Patients with CES face a spectrum of potential complications, both congenital and long-term sequelae, depending on the size of the supernumerary chromosome 22 marker and the organ systems involved. Complications may include heart failure, amblyopia, hearing loss, obstructive sleep apnea, failure to thrive, hormone deficiencies, and intellectual disability. 

Cardiac

• Residual or recurrent shunts: Incomplete closure or patch dehiscence following ASD or VSD repair may lead to volume overload and heart failure.
• Arrhythmias: Surgical scarring from surgical repair or intrinsic conduction system anomalies can precipitate supraventricular tachycardia, atrial flutter, or ventricular ectopy, occasionally requiring antiarrhythmic therapy or ablation.
• Pulmonary hypertension: Persistent left-to-right shunts or high-output states can cause reactive pulmonary vascular remodeling.[3]

Renal or Genitourinary

• Chronic kidney disease: Dysplastic kidneys, bilateral hypoplasia, or reflux nephropathy can progress to stage 3 to 5 CKD, with 15% to 25% of severely affected patients requiring dialysis or transplant by adolescence.
• Urinary tract infections and vesicoureteral reflux: Recurrent UTIs caused by reflux can lead to scarring and further decline in renal function.
• Bladder dysfunction: Neurogenic or structural bladder anomalies may cause incontinence, hydronephrosis, and require intermittent catheterization.[9]

Ophthalmic

• Secondary glaucoma: Angle anomalies or structural changes following coloboma can increase IOP in 20% to 30% of eyes, posing a risk for optic nerve damage.
• Retinal detachment: Large chorioretinal colobomas predispose to retinal breaks at the coloboma margins, with a detachment risk between 10% and 25%.
• Amblyopia and strabismus: Disruption of the visual axis and anisometropia may cause amblyopia (“lazy eye”), often necessitating patching or strabismus surgery.[4]

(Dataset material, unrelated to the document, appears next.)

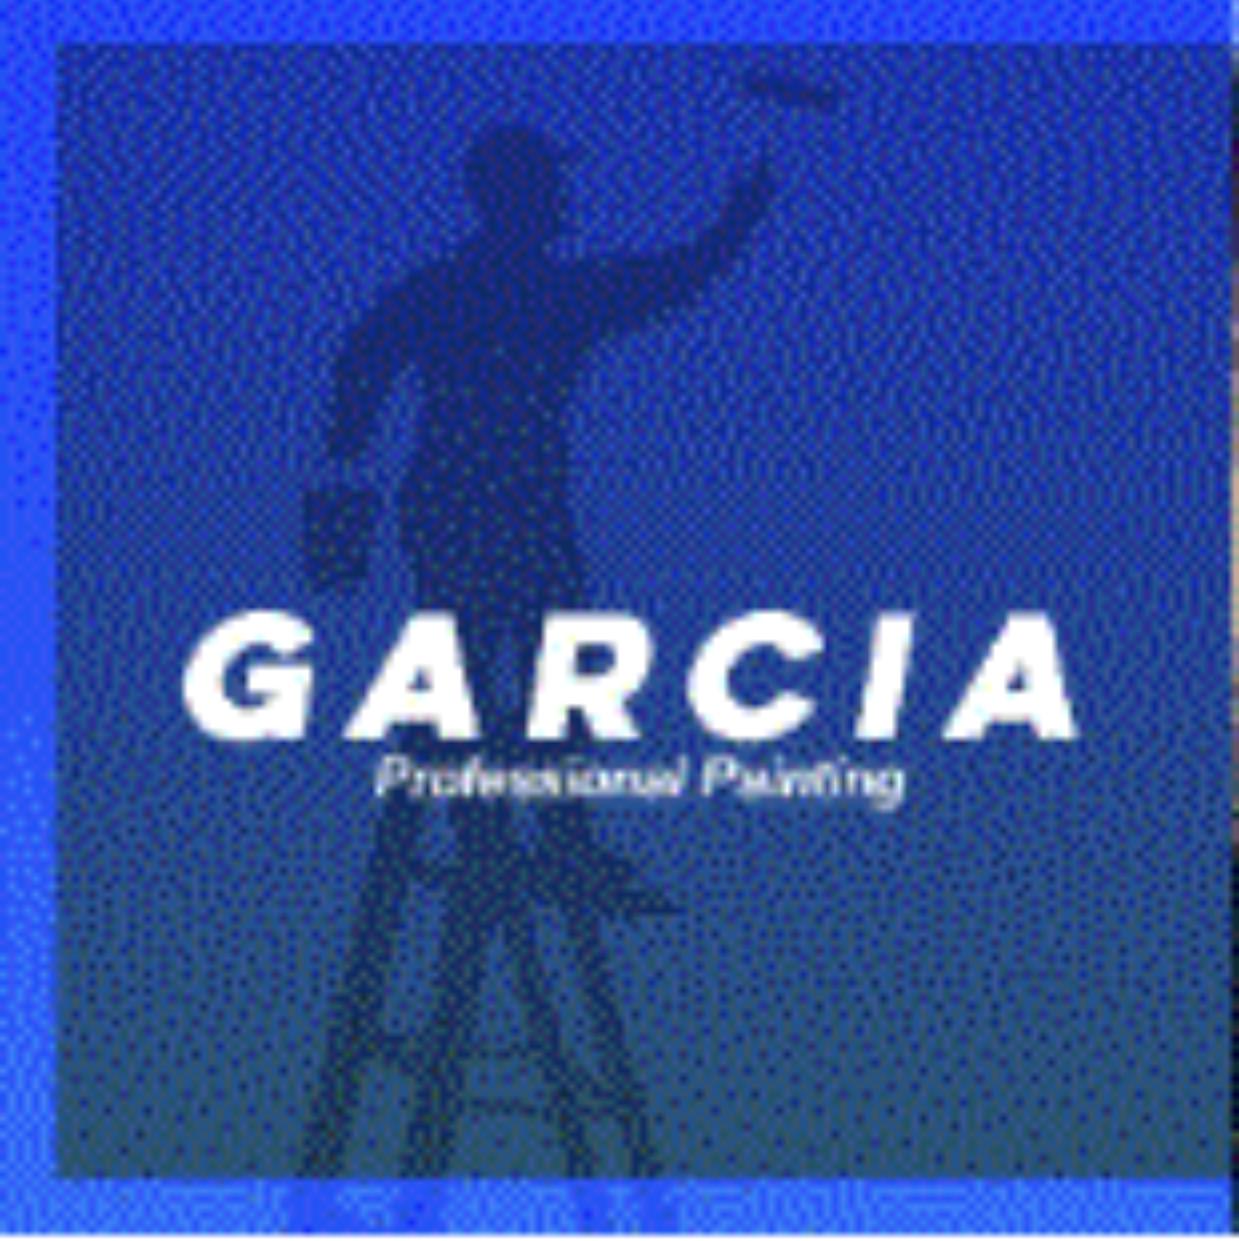 Garcia Professional Painting logo

Neurodevelopmental and Auditory

• Developmental delays: Approximately one-third of children experience mild-to-moderate delays in motor skills, speech, or cognition.
• Hearing loss: Conductive hearing loss due to middle ear atresia and sensorineural deficits affects 30% to 50% of patients, potentially impairing language acquisition if left uncorrected.

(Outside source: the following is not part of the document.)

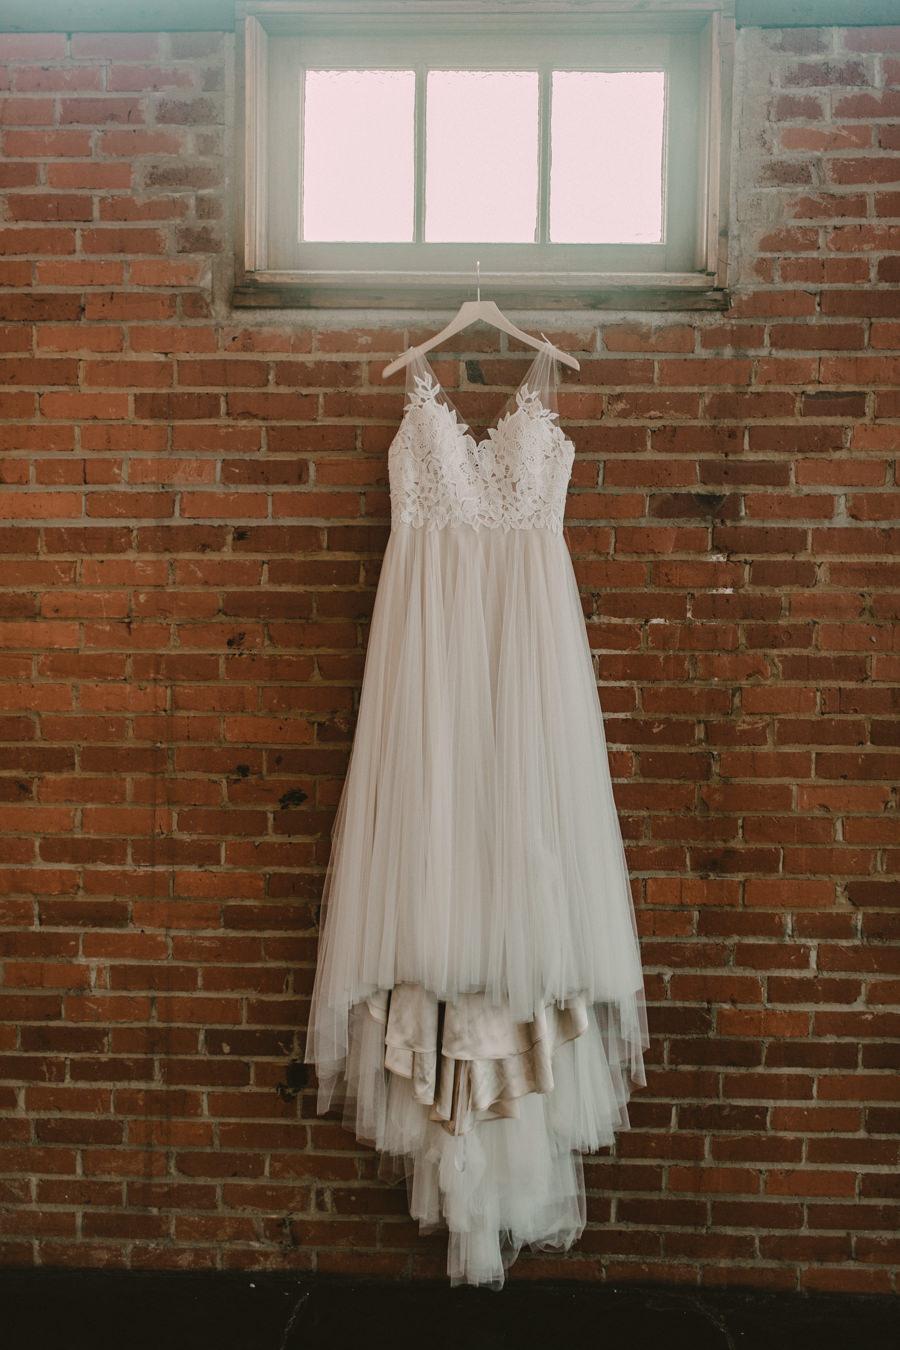 VeronicaandGarrett's Industrial Cavu Tampa Heights Wedding BHLDN gown Salt Block Hospitality Fancy Free Nursery Foundation Coffee-8.jpg

Gastrointestinal and Growth

• Feeding difficulties: Early hypotonia and structural anorectal malformations (eg, imperforate anus) can impair nutrition and growth, leading to failure-to-thrive.
• Constipation or incontinence: Up to 20% of patients may experience chronic constipation or fecal incontinence even after anorectal reconstruction.[6]

Hematological

Thrombocytopenia or cytopenias: Rare cases of bone marrow suppression or platelet dysfunction have been reported, which may present as bruising or bleeding tendencies.[3]

Psychosocial

Learning disabilities and behavioral issues: Mild cognitive impairment can lead to academic challenges and difficulties with social adjustment, necessitating tailored educational support.

Long-Term Risks

• Early-onset hypertension and cardiovascular disease: Chronic renal impairment and repaired cardiac lesions increase lifetime cardiovascular risk.
• Progressive organ dysfunction: Continuous surveillance is needed for late-emerging complications, such as worsening CKD, glaucoma progression, or scoliosis.[32]

Key Point

The heterogeneity of CES requires individualized monitoring tailored to each patient’s unique set of anomalies. Early recognition and management of complications through a coordinated multidisciplinary healthcare team are crucial for optimizing long-term health and functional outcomes.